Blueberry muffin baby (BMB) is a rare neonatal syndrome characterised by the presence of multiple purpuric skin nodules.1 It can be due to dermal erythropoiesis and neoplastic diseases.2 Ganglioneuroblastoma is a tumour of peripheral neuroblastic tissue that occurs predominantly in the paediatric age group, but it is rare in the newborn period.3 One of the clinical manifestations of ganglioneuroblastoma is a BMB.4 Herein, the authors report the case of a newborn presenting with blueberry muffin syndrome that led to the diagnosis of a ganglioneuroblastoma.

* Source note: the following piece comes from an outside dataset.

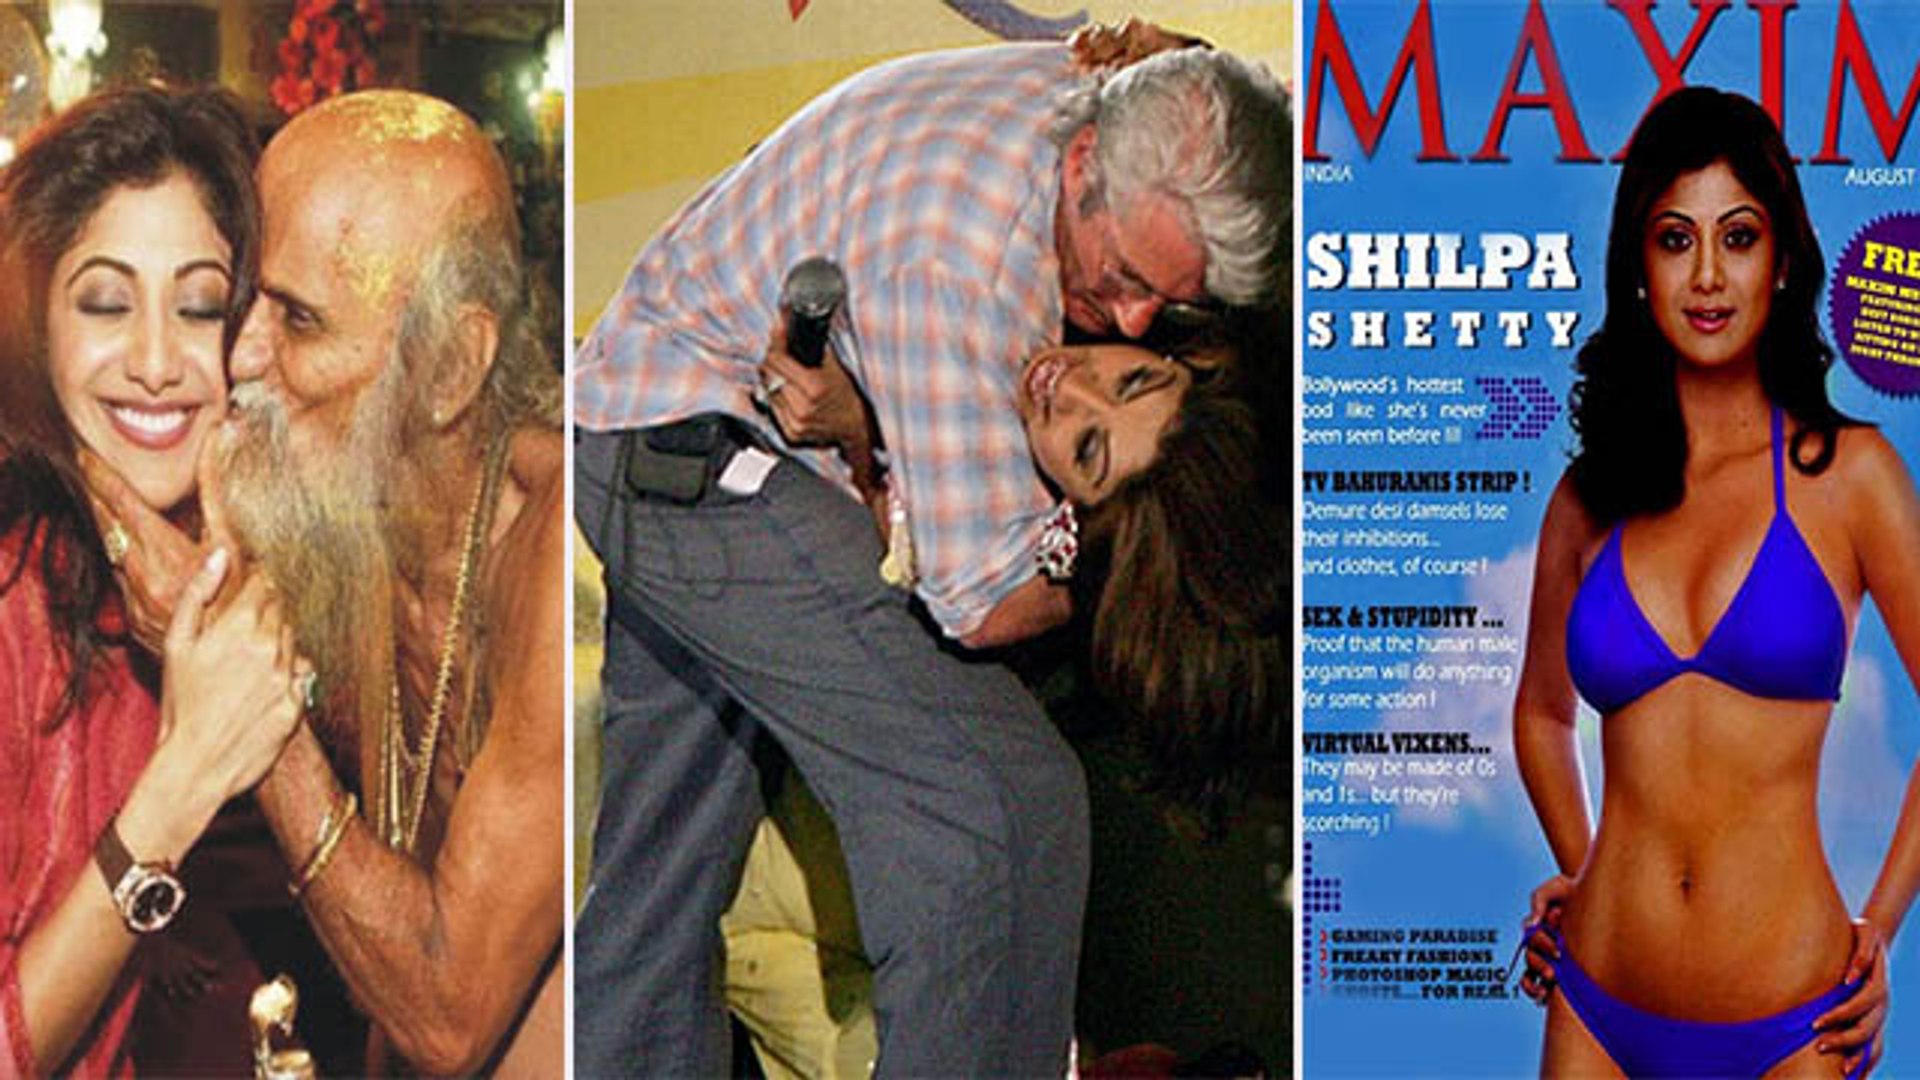 Shilpa Shetty Ki Nangi - Shilpa Shetty à¤•à¥€ 8 Controversy à¤¸à¥‡ à¤®à¤šà¤¾ à¤¥à¤¾ à¤¬à¤µà¤¾à¤², Kissing à¤¸à¥‡ Underworld  Connection à¤¤à¤•| Boldsky - video Dailymotion

A full-term male newborn, following a vaginal delivery, presented, within a few hours of life, with bluish skin nodules all over his body. The birth weight was 3.9 kg and the Apgar scores were 9 at 1 and 5 minutes. Respiratory and cardiovascular functions were normal. The physical examination revealed multiple, randomly distributed bluish cutaneous nodules of 0.5–1.0 cm, predominantly on the abdomen, back, and lower limbs. The differential diagnosis between cause of BMB was made. Laboratory tests only revealed a slight anaemia, without coagulation or platelets disorders. The abdominal ultrasound revealed multiple solid nodules in the fat of the perihepatic, hepatorenal, and splenorenal space compatible with peritoneal lesions. A biopsy specimen of a skin nodule on the leg revealed ganglion cells in a papillaroid pattern, with fibrillary stroma and ganglion cells intermixed with neuroblast. Synaptophysin staining was positive. The least differentiated tumour cells showed salt and pepper blast chromatin nuclei and scant cytoplasm. The urinalysis showed elevated urine catecholamines and metanephrines, and elevated homovanillic acid/creatinine and vanillylmandelic acid/creatinine ratios. The chest CT scan revealed several focal lesions with pleural implantation and pulmonary micronodules. Gammagraphic study with 123 L metaiodobenzylguanidine showed multiple foci of uptake distributed throughout the axial skeleton, and multiple foci of uptake in the liver, lower, and upper limbs, suggestive of metastatic subcutaneous involvement. Considering the clinical manifestations and the additional findings, the newborn was diagnosed with metastatic ganglioneuroblastoma.
In conclusion, the presence of purpuric skin nodules in a newborn can be the only clinical manifestation of a ganglioneuroblastoma.5 It is important to take a skin biopsy from these lesions. A multidisciplinary approach of the BMB can lead to early diagnosis and effective treatment of these patients.